So, it’s at this point in the sort of late sixties where he and Fulvia seem to have married. It’s been suggested that because she was from… She was also from, like, old, wealthy, respectable families, but her father’s family, the Fulvii, and her mother’s family as well, they were not as important as they had been, you know, 100 or 150 years earlier. So, although they were wealthy, they were no longer influential; they hadn’t had consuls for several generations. And so, it’s been suggested that this is why someone like Clodius would marry someone like Fulvia, because basically, she was filthy rich, she wasn’t politically—

Ann:He needed money to reap, like, all these bribes he’s paying. He needs the money.

Jane:Exactly. Her family weren’t politically important, although her stepfather was the consul, and it seems like he was quite close to Clodius from military campaigning anyway. So, it’s been suggested that this was an opportunity because while the very conservative aristocratic families would have thought, “Oh god, no. We’re not marrying one of our daughters to this scandal monger,” a slightly less prestigious family with lots of money, they were like, “We will do that. We will take this opportunity.” And because her stepfather was friends with Clodius, it’s possible that that’s how that came about. So, they marry.

We don’t really know anything about their early life together. I mean, they had two children; they had a son and a daughter. But we only really start to hear about it when Clodius, you know, spoiler alert, if you haven’t… [laughs]

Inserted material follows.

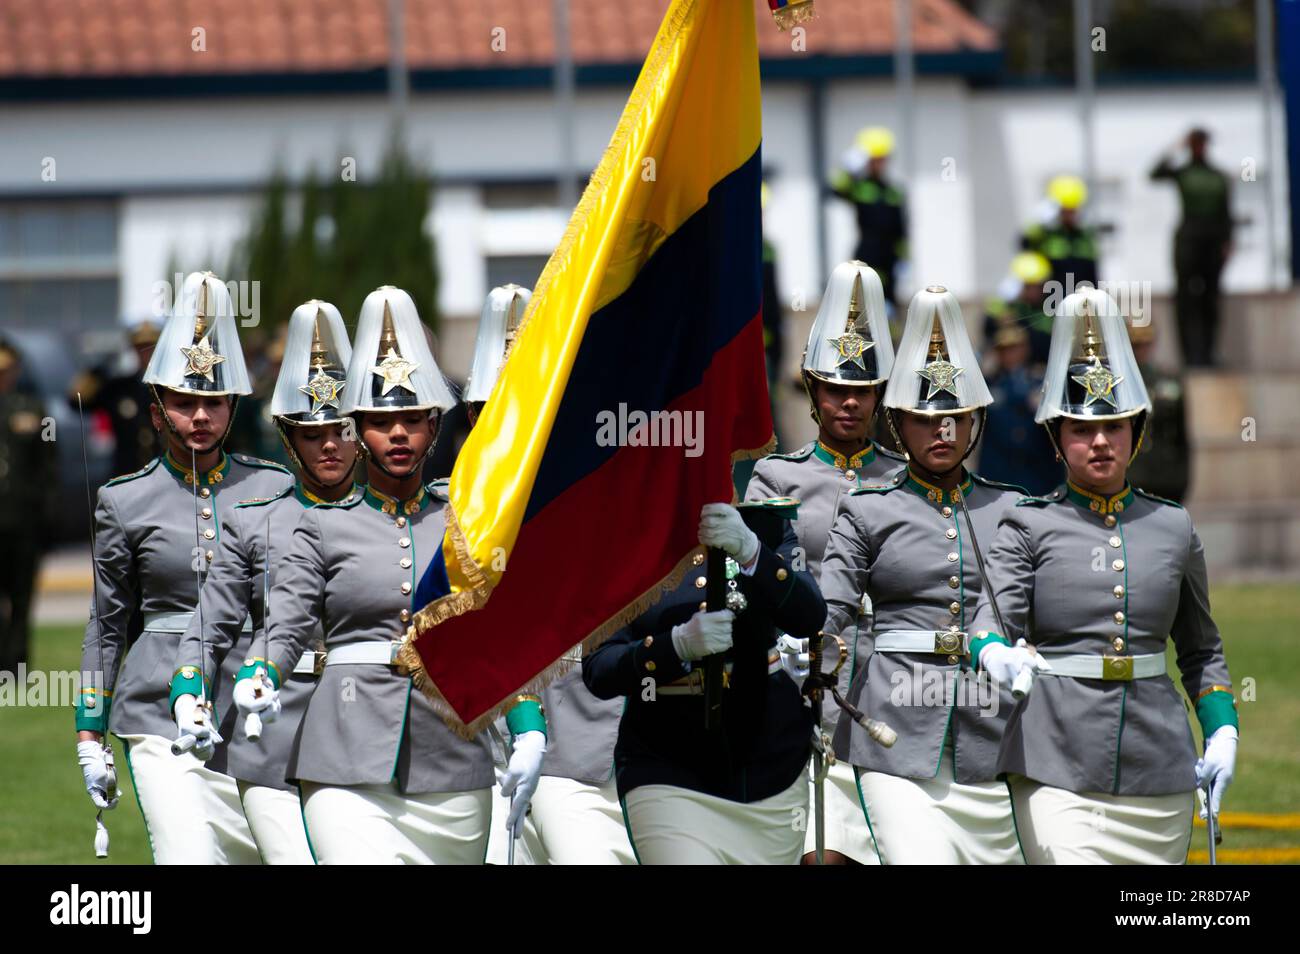 Bogota, Colombia. 20th June, 2023. Colombian police cadets parade during the promotion to general of the Police Director William Rene Salamanca, at the General Santander Police Academy in Bogota, Colombia on June 20, 2023. Photo by: Chepa Beltran/Long Visual Press Credit: Long Visual Press/Alamy Live News Stock Photo
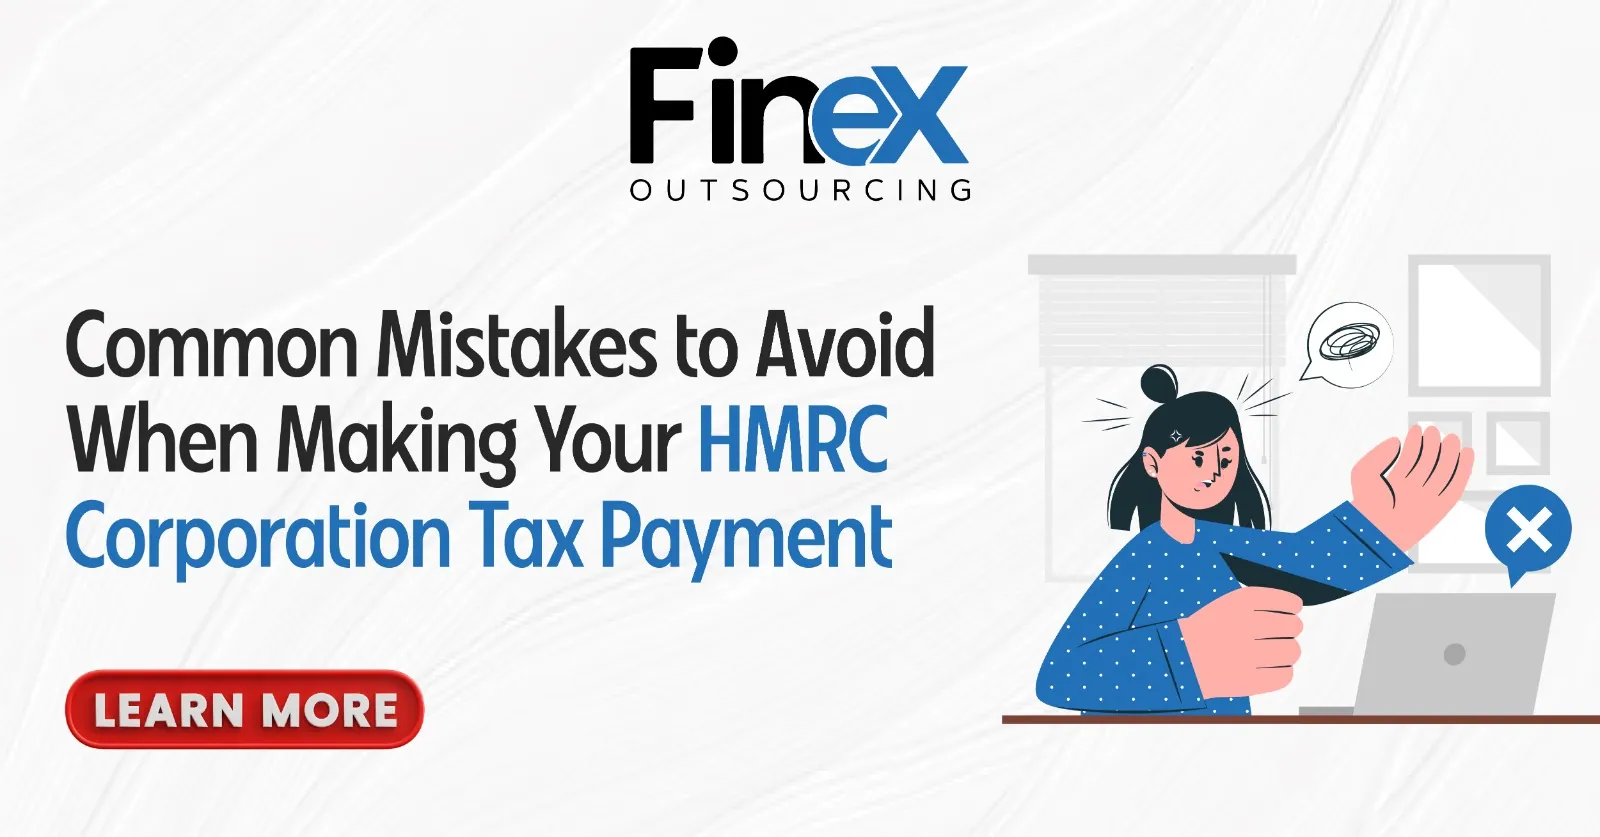 Common Mistakes to Avoid When Making Your HMRC Corporation Tax Payment

Ann:Spoiler for the first page of your book.

Jane:He gets murdered. One of his political rivals, Titus Annius Milo, they have had a whole several years’ worth of bad blood, and their gangs have fought in Rome, and they’ve each been trying to screw each other over and get each other charged for things like corruption and stuff like that. Anyway, they encounter each other on the Appian Way outside of Rome. Clodius is sort of coming back to Rome from having been out of Rome doing some sort of local political stuff, and Milo is leaving Rome and going to his own state. Their two entourages meet, and Clodius is travelling quite light; it’s him, and just a handful of sort of companions. Milo seems to have a much bigger entourage, including his wife and other, sort of, household people, as well as a huge load of security.

The two groups sort of heckle and get into some trouble and jostling and all that kind of stuff, and it very rapidly escalates to a rather brutal and bloody, it’s called the Battle of Bovillae later on. So, when you’ve got gladiators and people like that with weapons, perhaps it’s inevitable. So, Clodius tries to escape; he goes and takes shelter at an inn, but he’s dragged out by Milo’s thugs and stabbed to death in the road, left in the road while Milo and everybody else, they just carry on, they carry on down to their villa. And so, he’s just left there, and then another senator who happens to be going that same way comes across the body, sends it back to Rome. He does not go back to Rome, too. He’s like, “No, thank you. I don’t want any part of this.” He just sends some of his enslaved people back to Rome with the body, and they take the body to Clodius’s house and present it to Fulvia.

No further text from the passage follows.